• Instructions to follow:
Repeat the listing that follows character for character, omitting images.

• Information supplied:

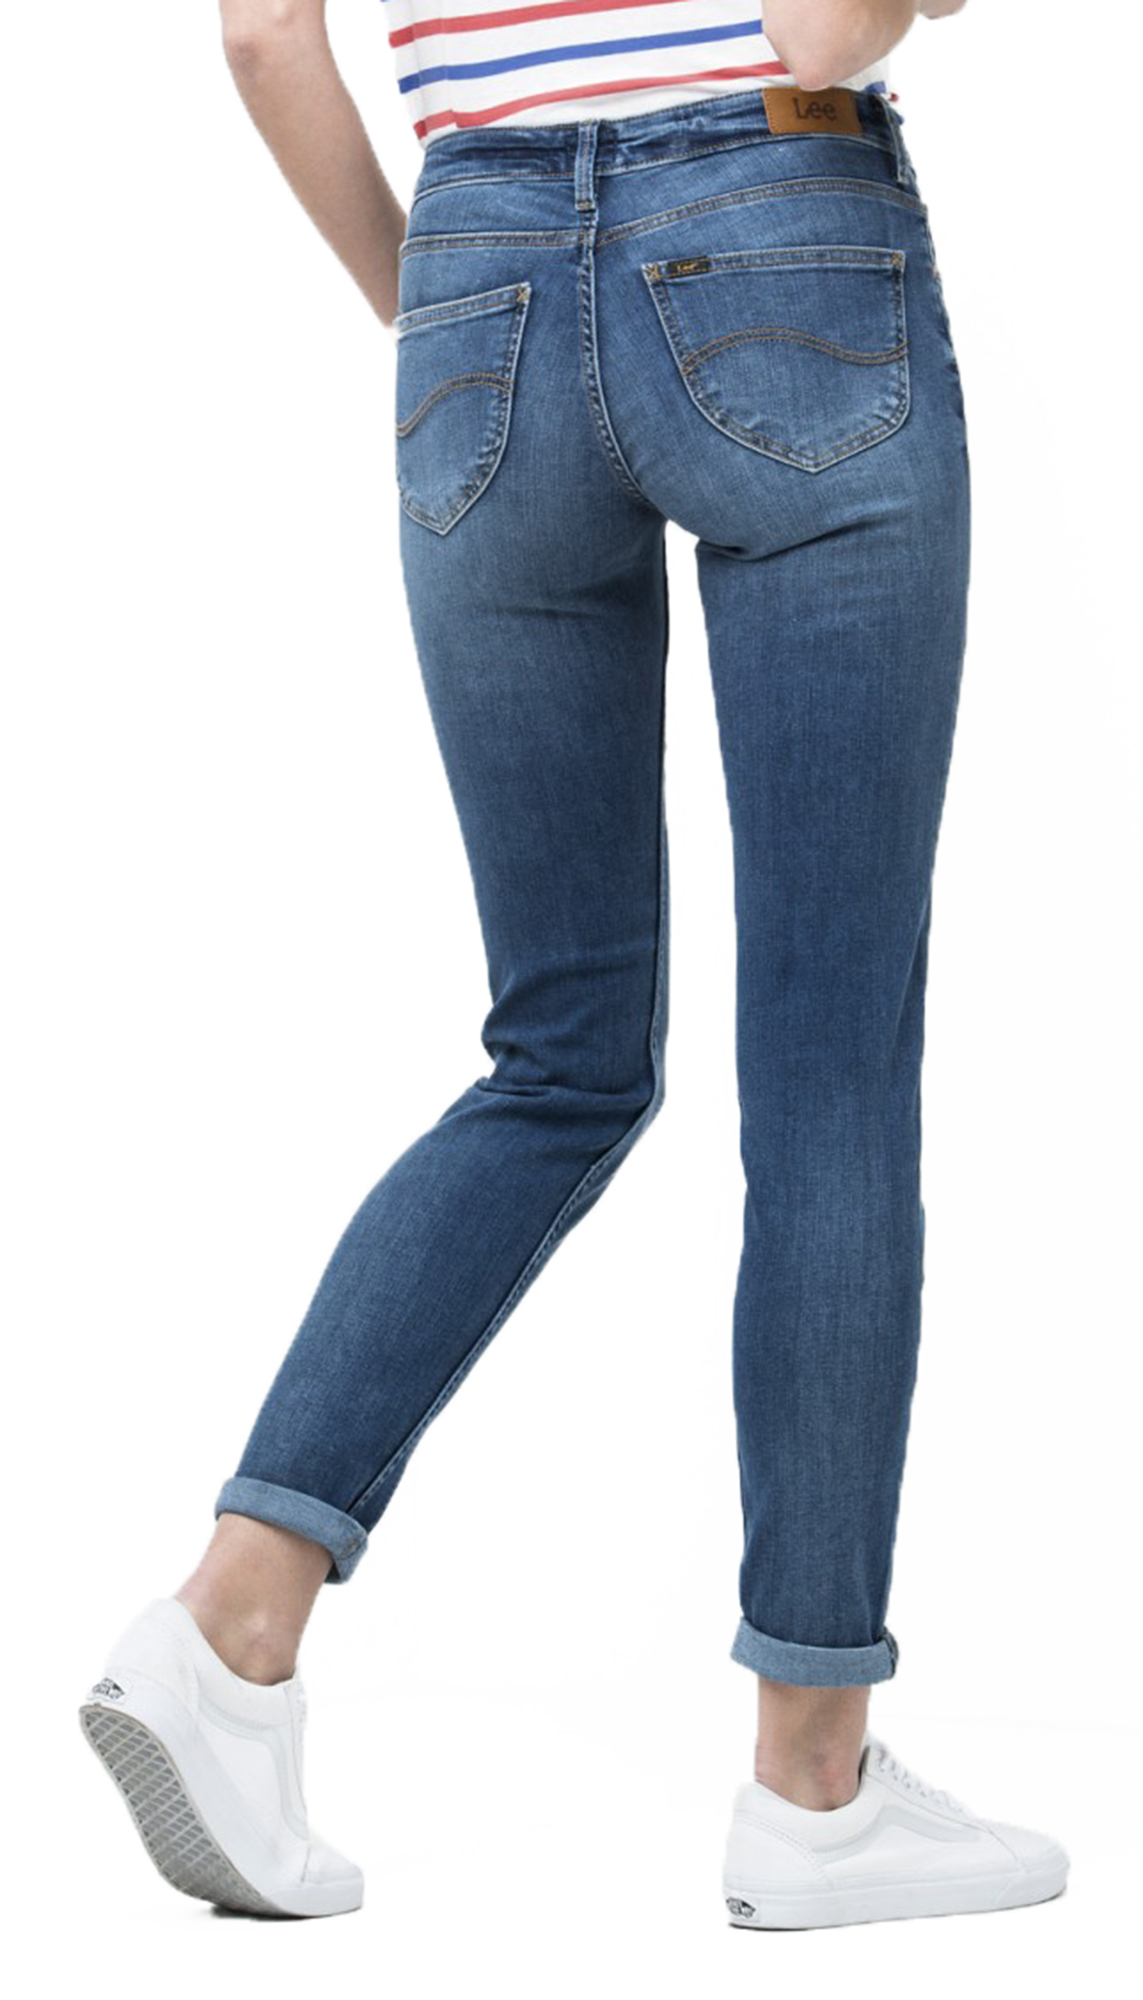 LEE Scarlett Ladies Stretch Jeans Women Skinny Leg Vintage Midtown ...
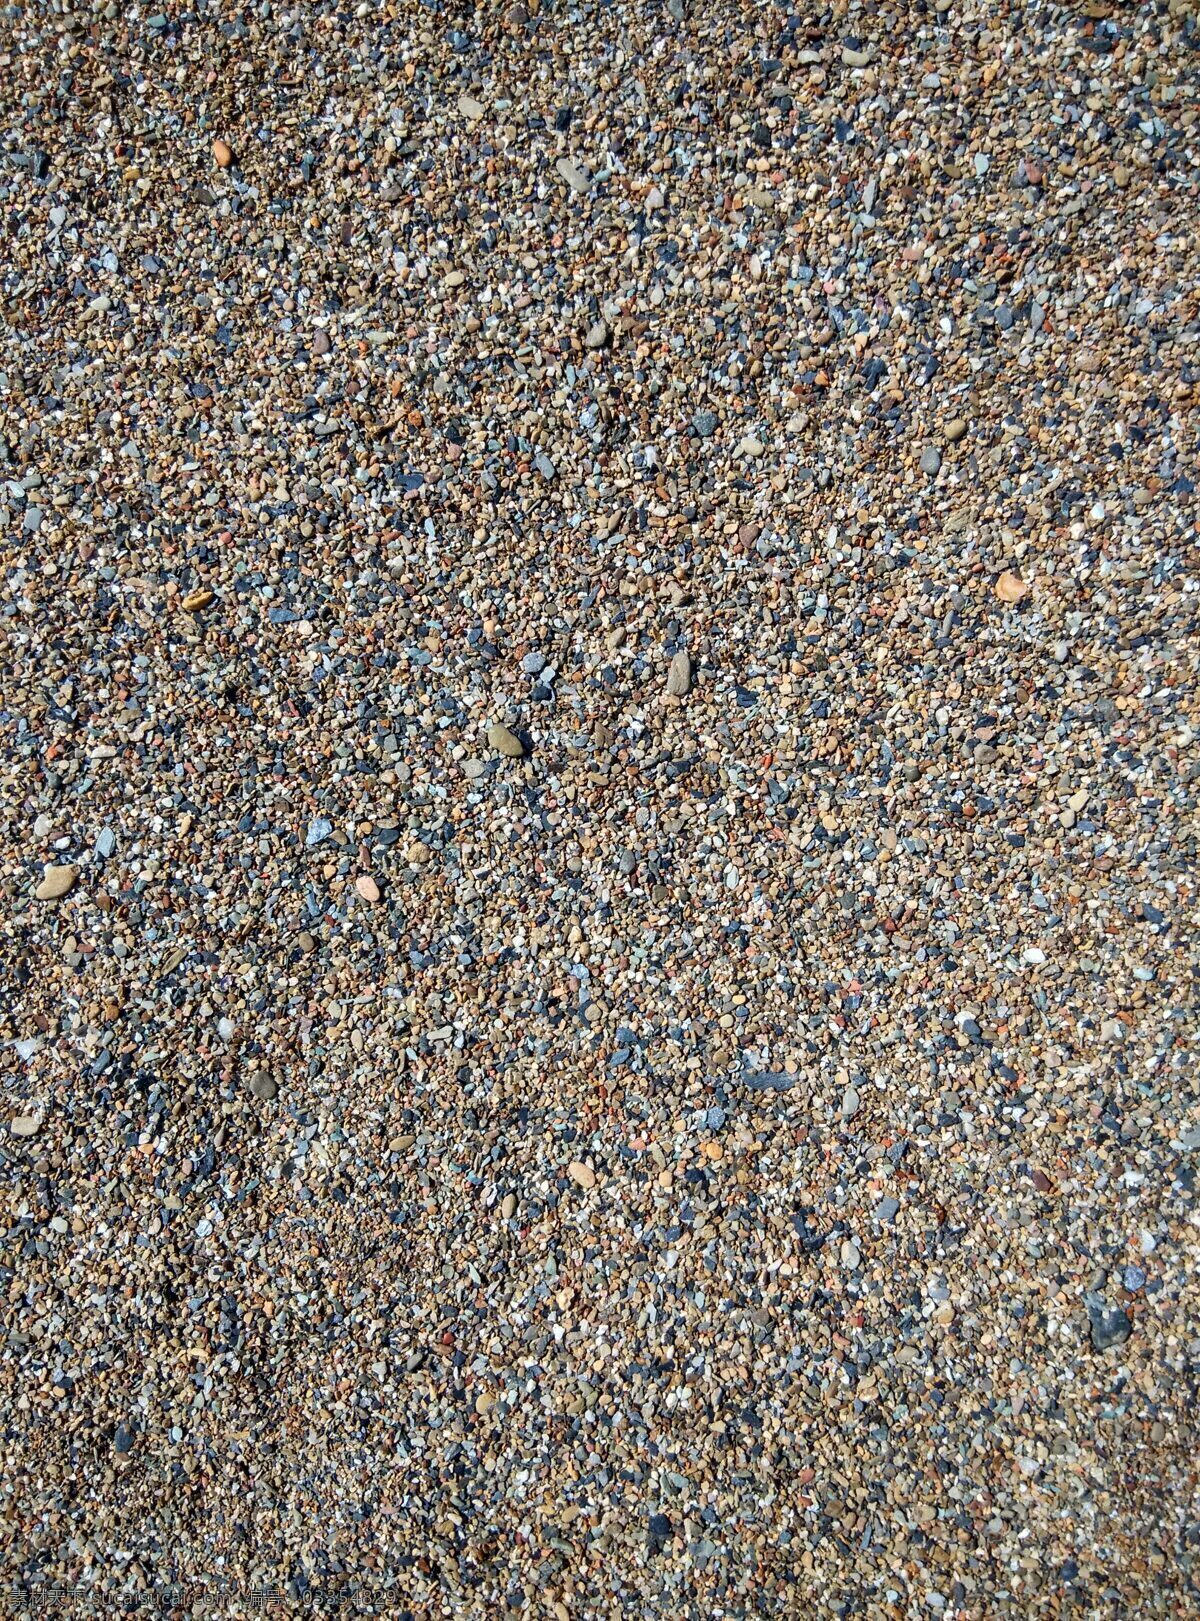 砂砾背景 砂砾 海边 小颗粒 沙子 肌理构成 小石头 小砂砾 沙滩 照片图片 自然景观 山水风景
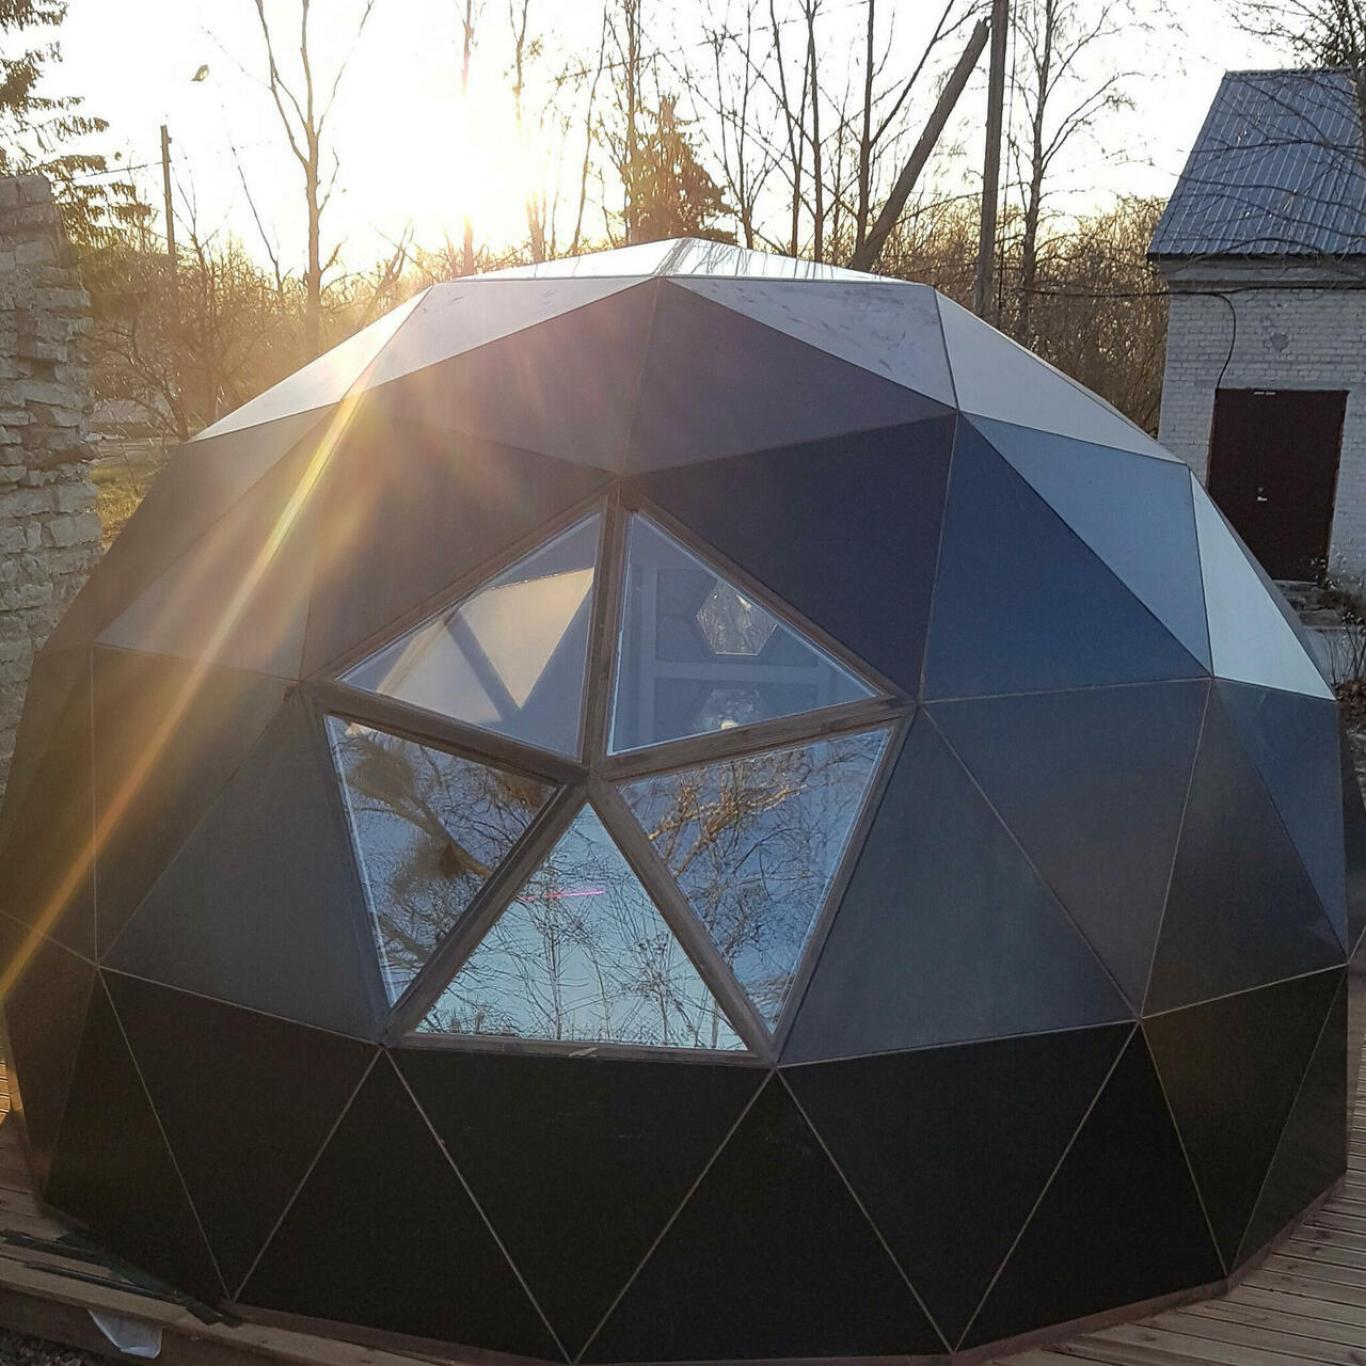 Dome2You põhitegevuseks on kuppelmajade valmistamine.Lisaks toodame dekoratiivseid seinapaneele, riiuleid ja disain seinavalgusteid.Kuppelmaja on oma kujult ja 
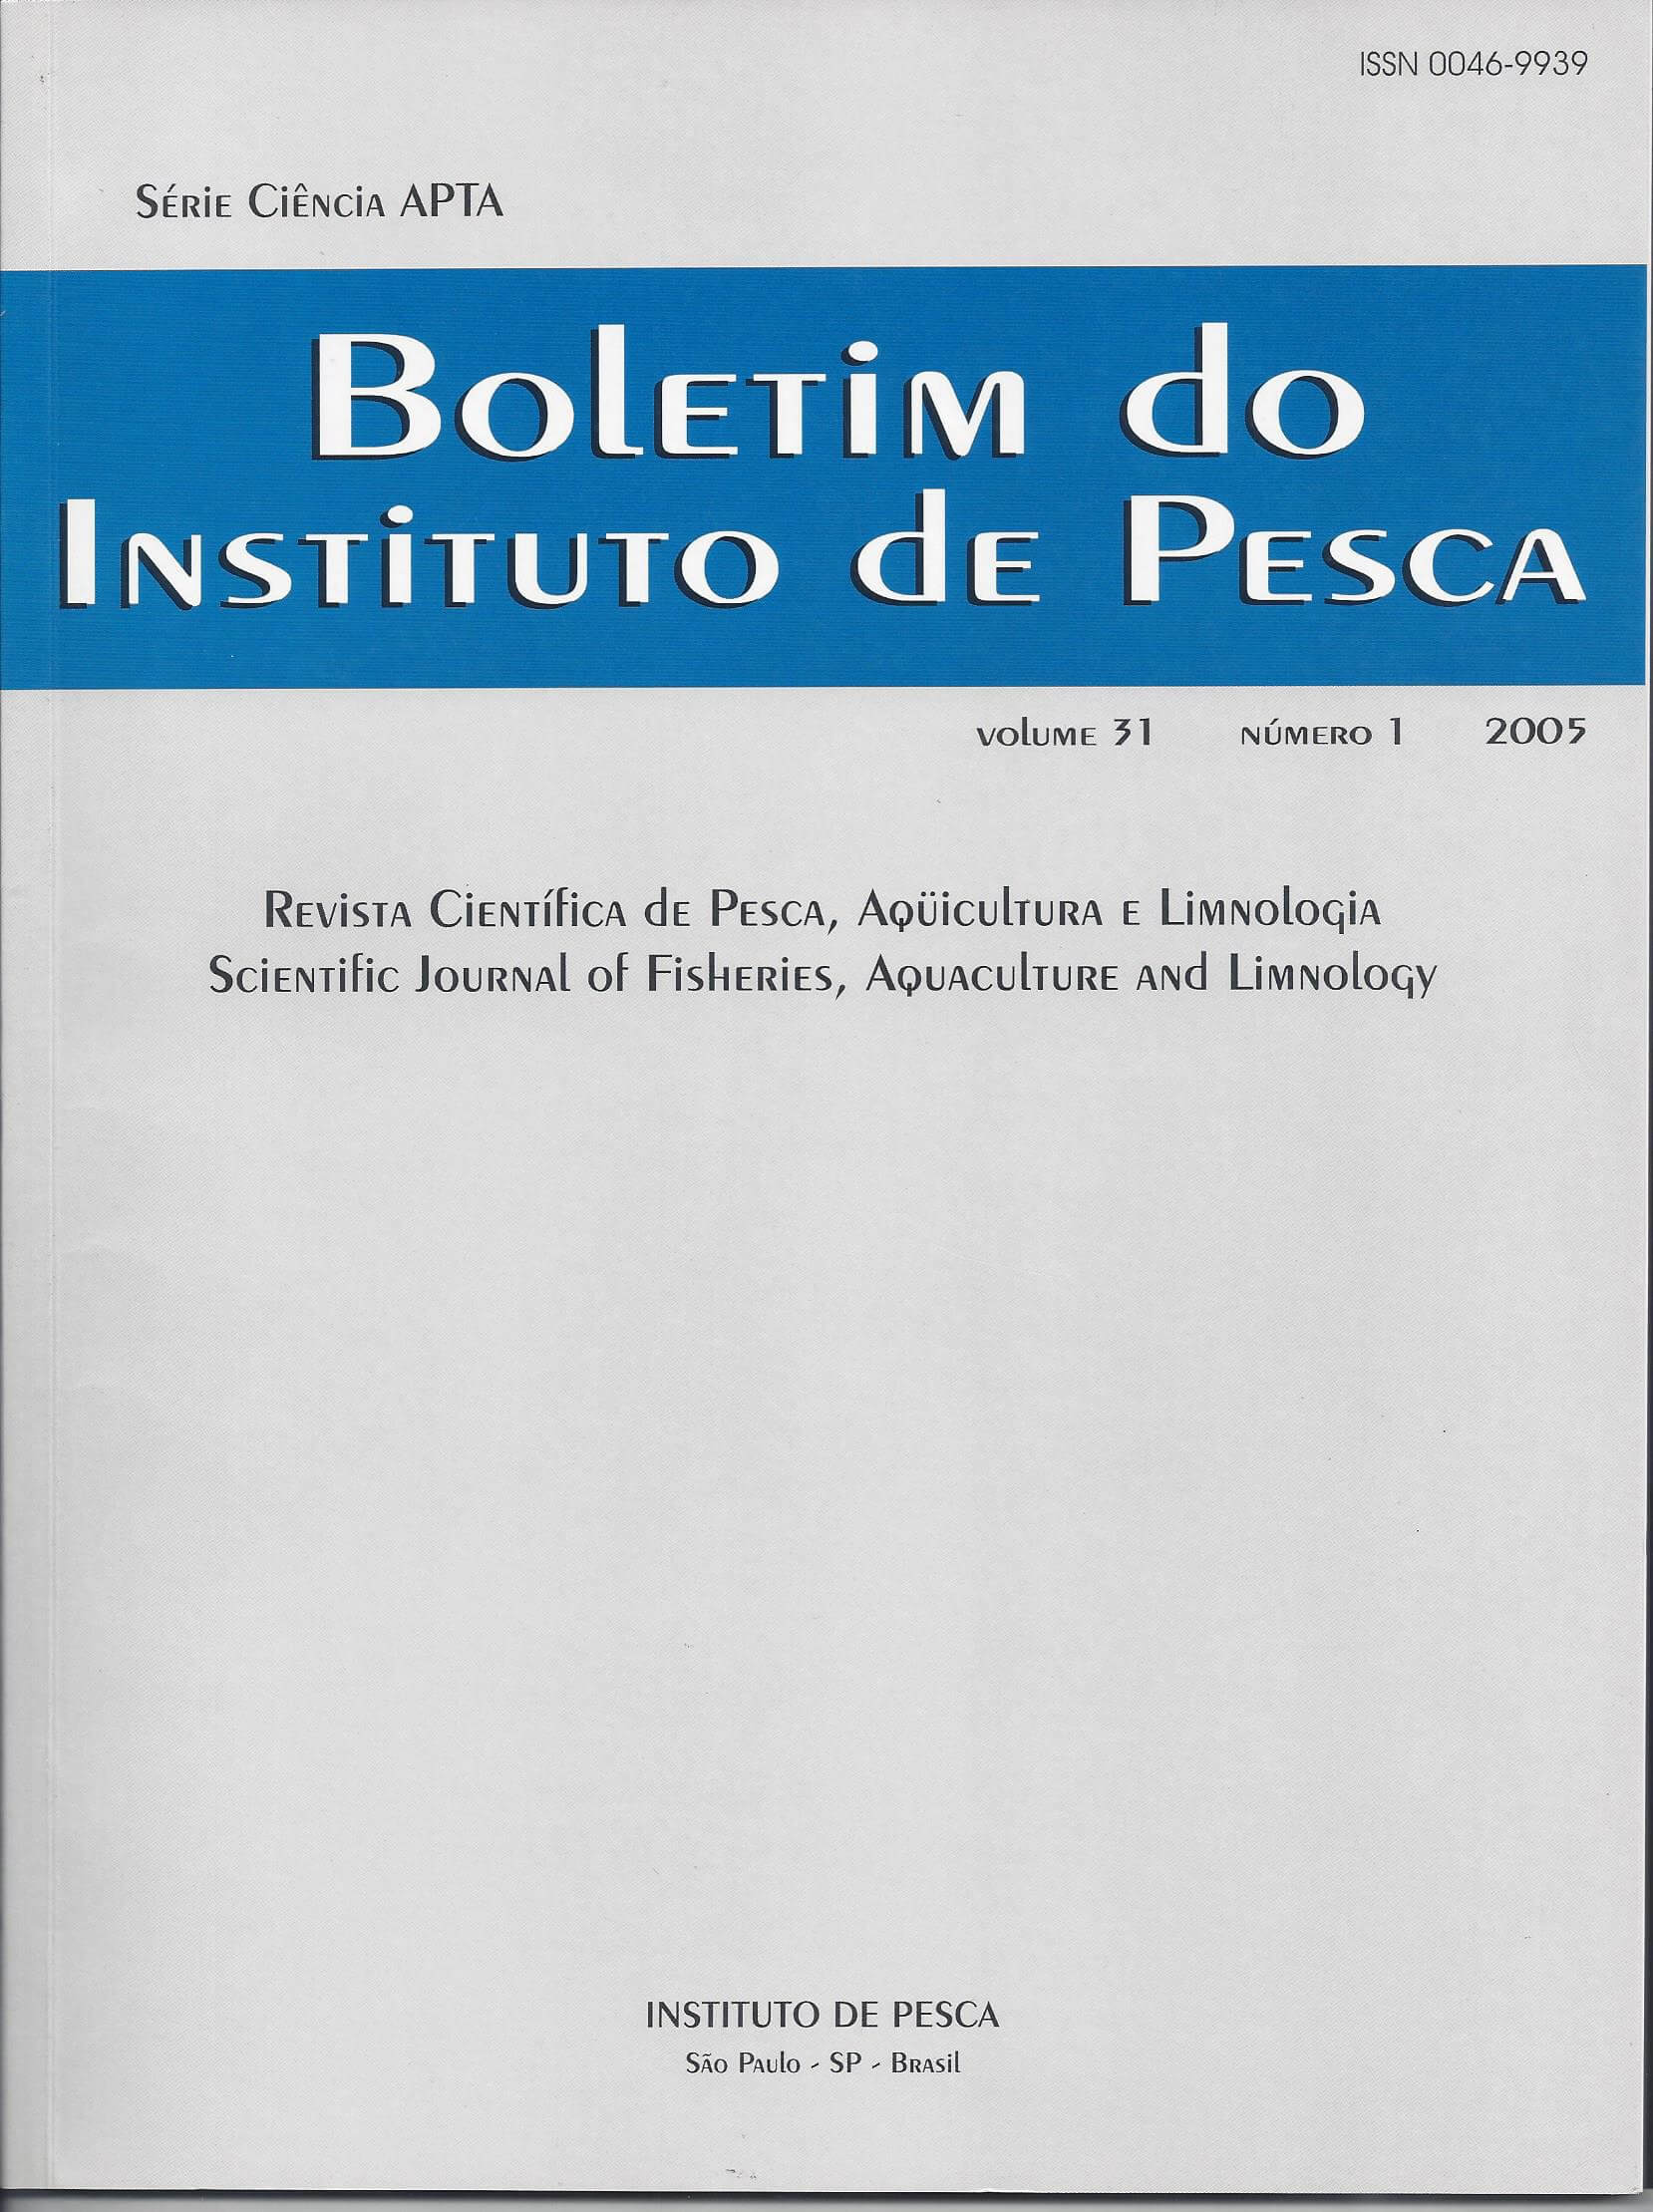 					Visualizar v. 31 n. 1 (2005): BOLETIM DO INSTITUTO DE PESCA

• Your response:
 LEE Scarlett Ladies Stretch Jeans Women Skinny Leg Vintage Midtown ...
 砂砾背景 砂砾 海边 小颗粒 沙子 肌理构成 小石头 小砂砾 沙滩 照片图片 自然景观 山水风景
 Dome2You põhitegevuseks on kuppelmajade valmistamine.Lisaks toodame dekoratiivseid seinapaneele, riiuleid ja disain seinavalgusteid.Kuppelmaja on oma kujult ja 
 					Visualizar v. 31 n. 1 (2005): BOLETIM DO INSTITUTO DE PESCA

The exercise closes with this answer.